Goal of the exercise: Reproduce, word for word, the lines in the material below starting with the one that has "Location salle de" and going on through the one that has "Facebook muda publicidade". Leave out all pictures.

Data supplied:
=== Section Start ===

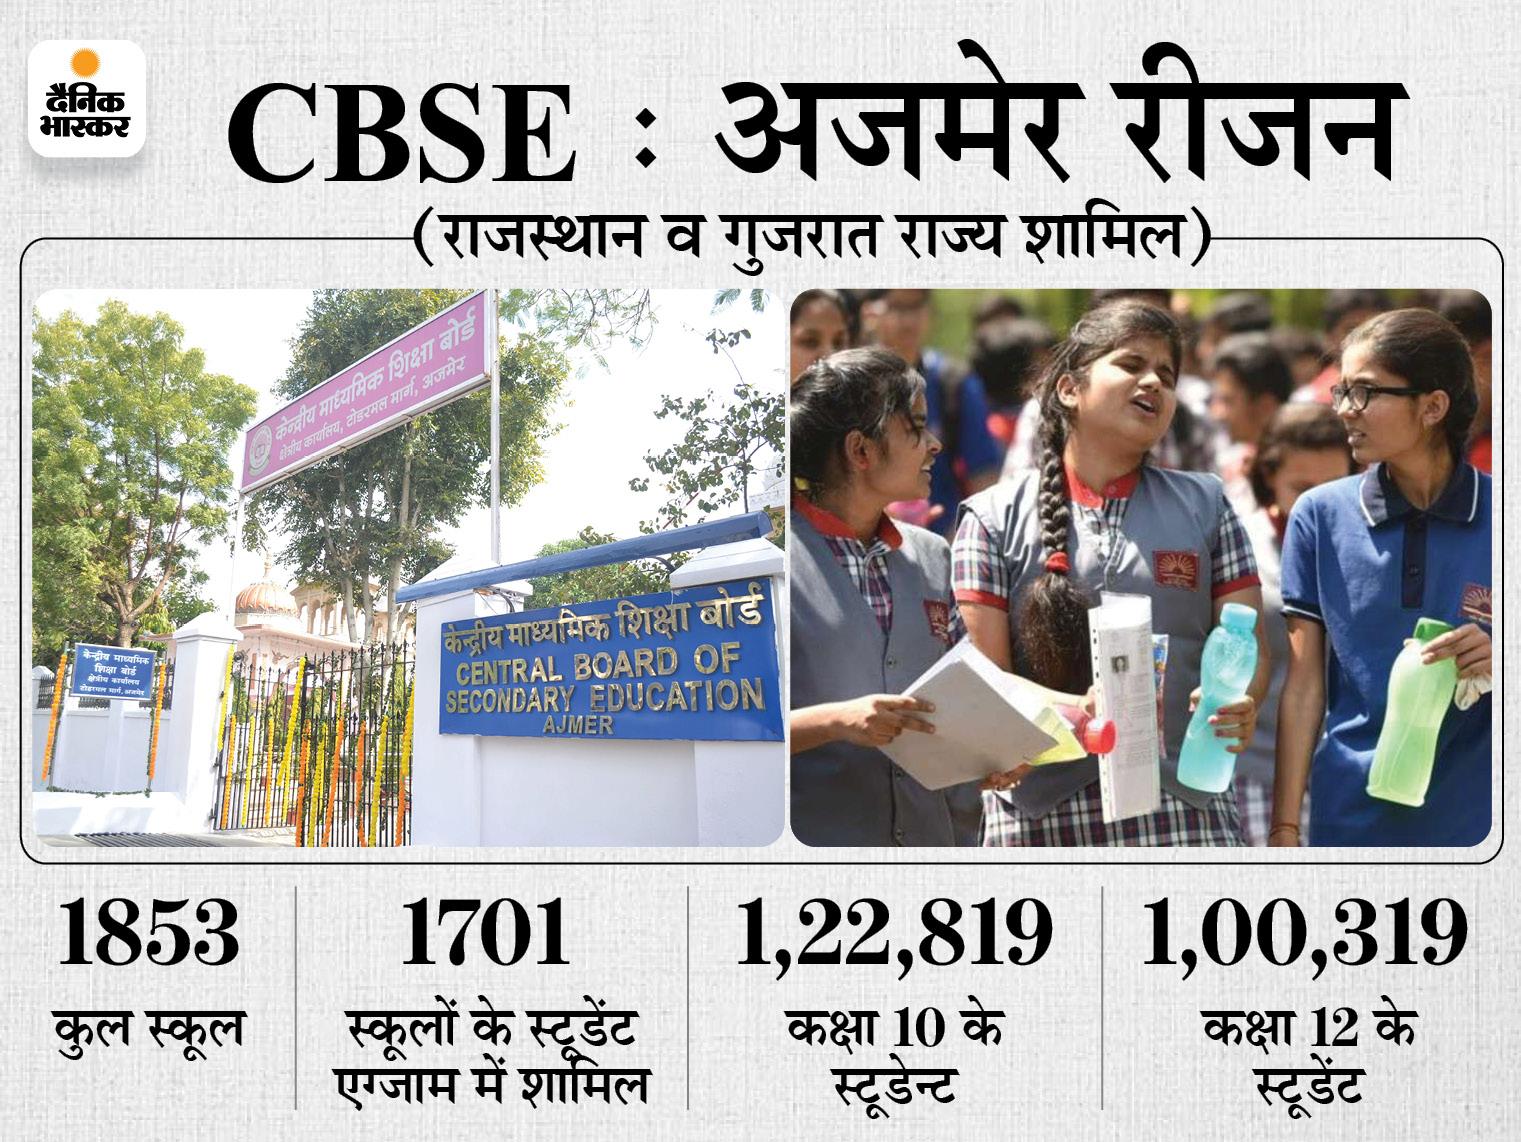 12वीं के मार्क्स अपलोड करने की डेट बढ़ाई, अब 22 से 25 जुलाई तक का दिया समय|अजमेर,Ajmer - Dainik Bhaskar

=== Section End ===
=== Section Start ===

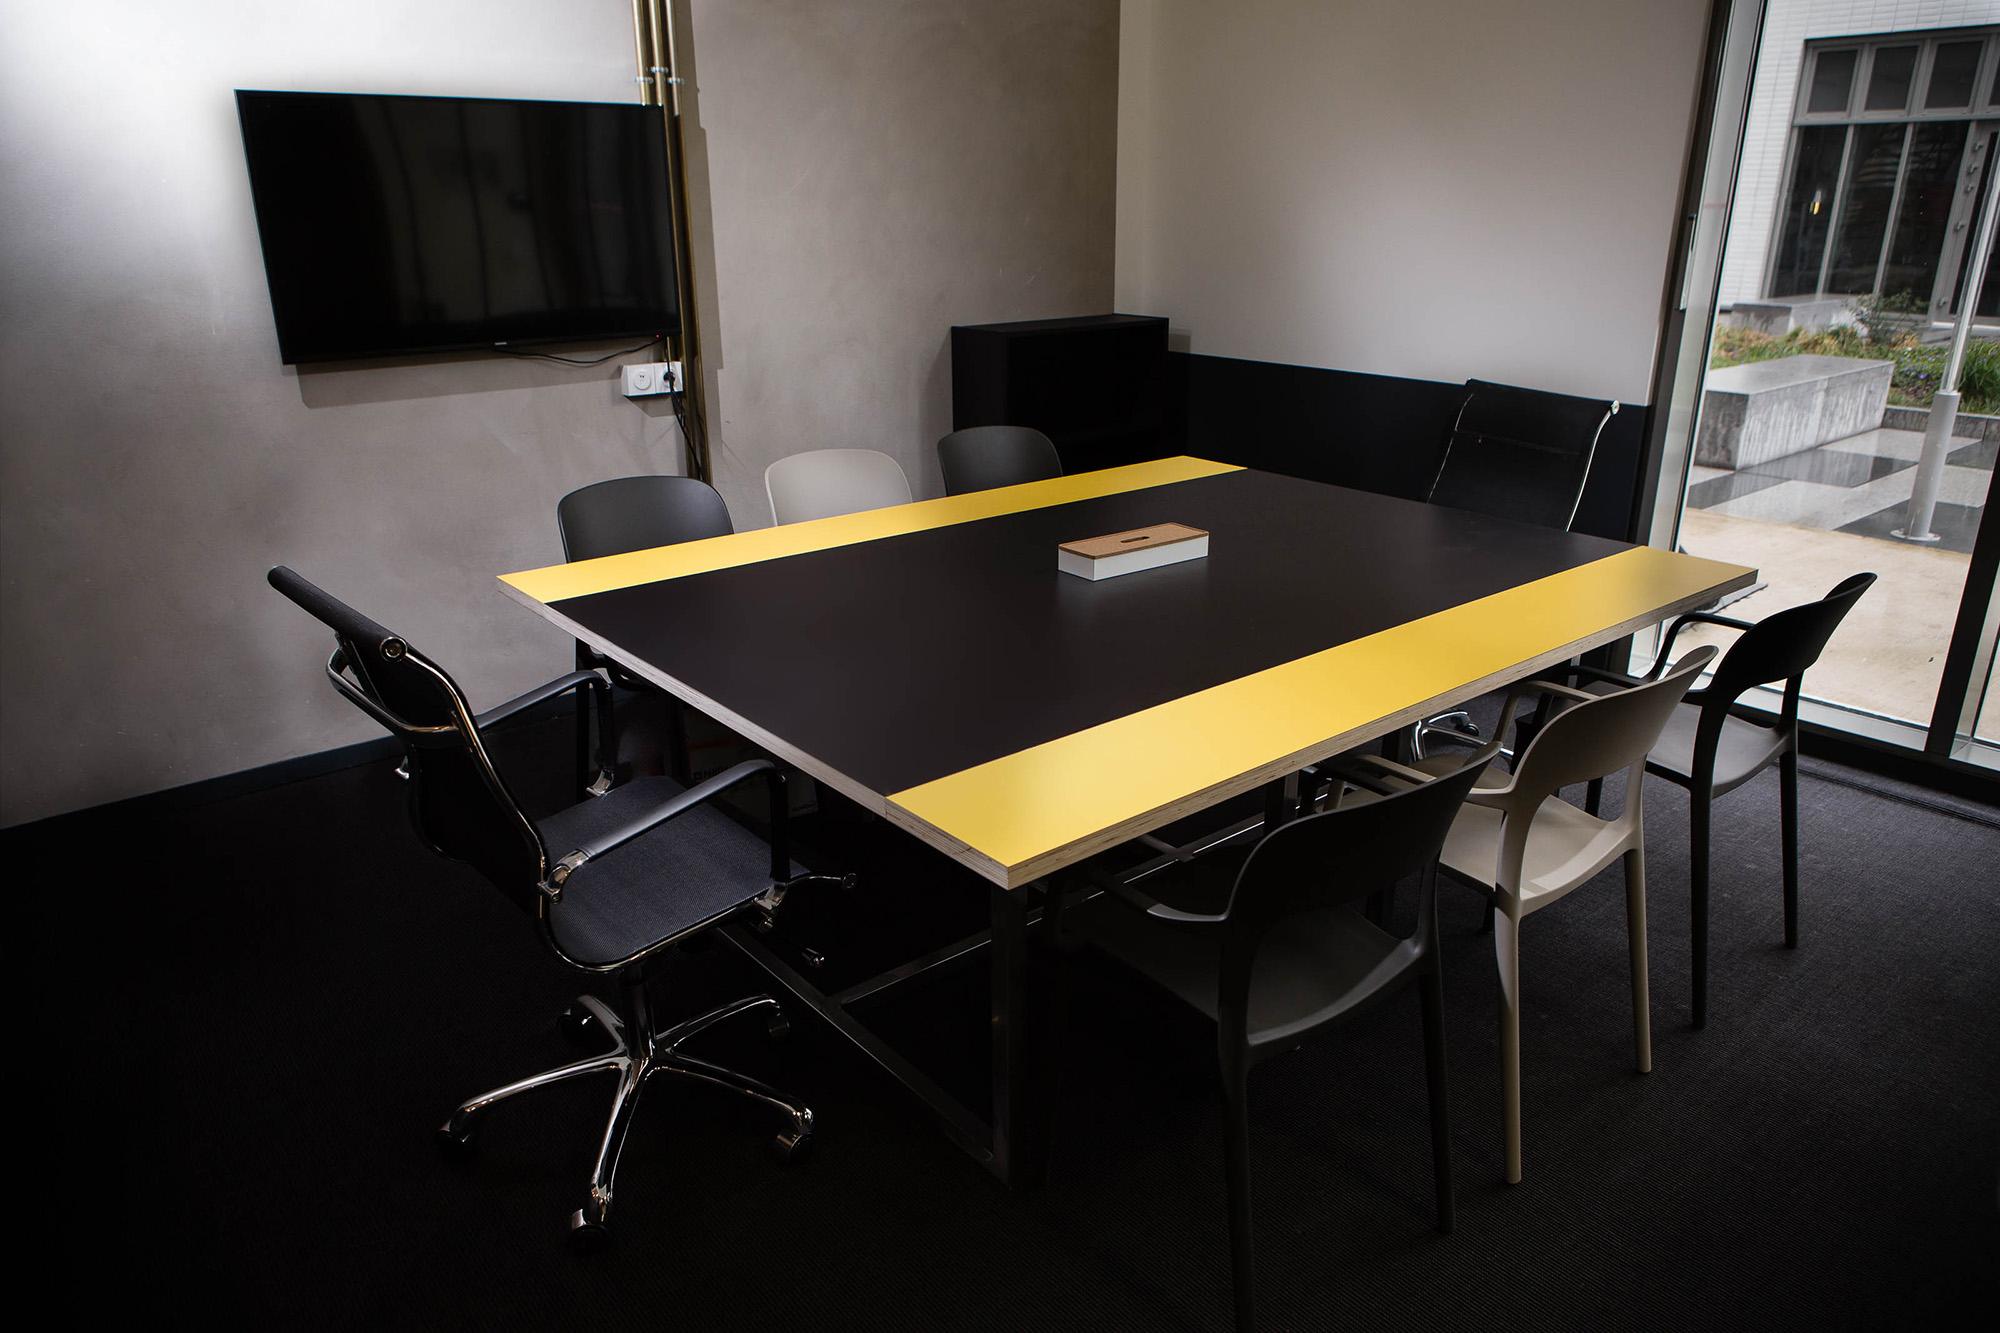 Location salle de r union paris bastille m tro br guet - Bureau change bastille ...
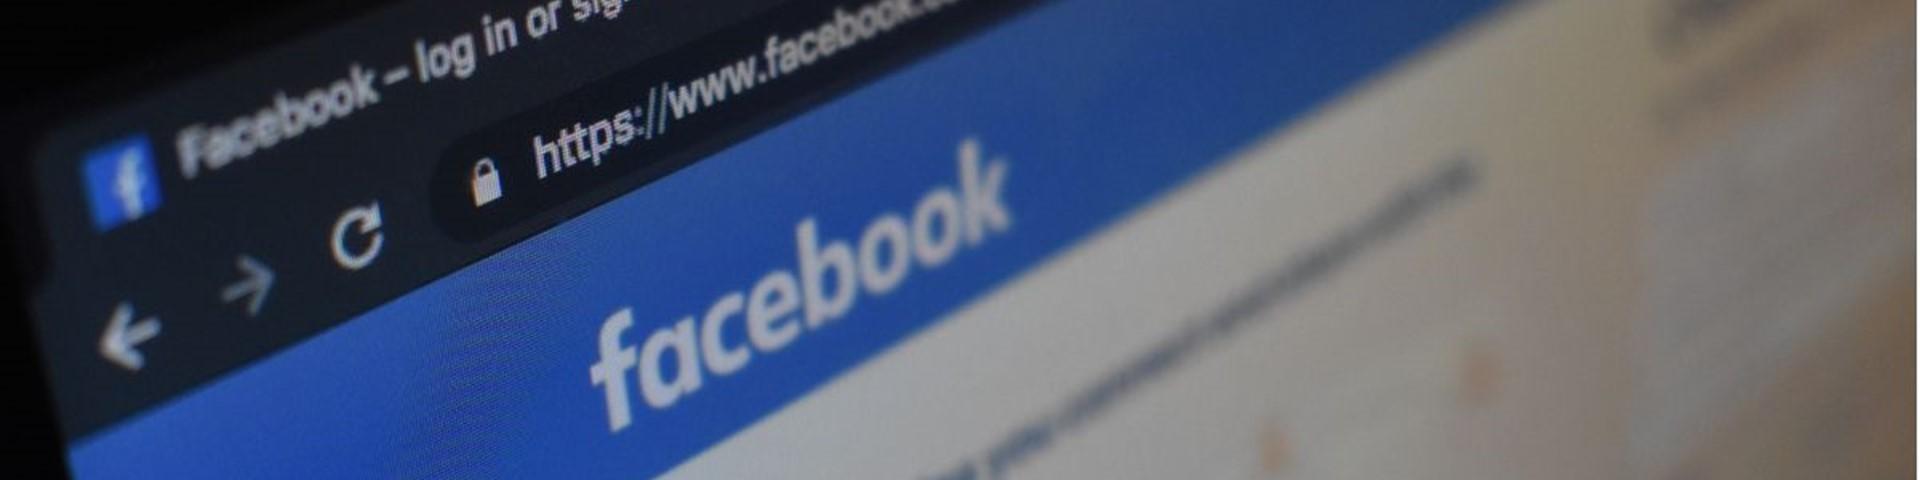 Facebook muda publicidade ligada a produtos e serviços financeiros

=== Section End ===

Solution to the problem:
 Location salle de r union paris bastille m tro br guet - Bureau change bastille ...
 Facebook muda publicidade ligada a produtos e serviços financeiros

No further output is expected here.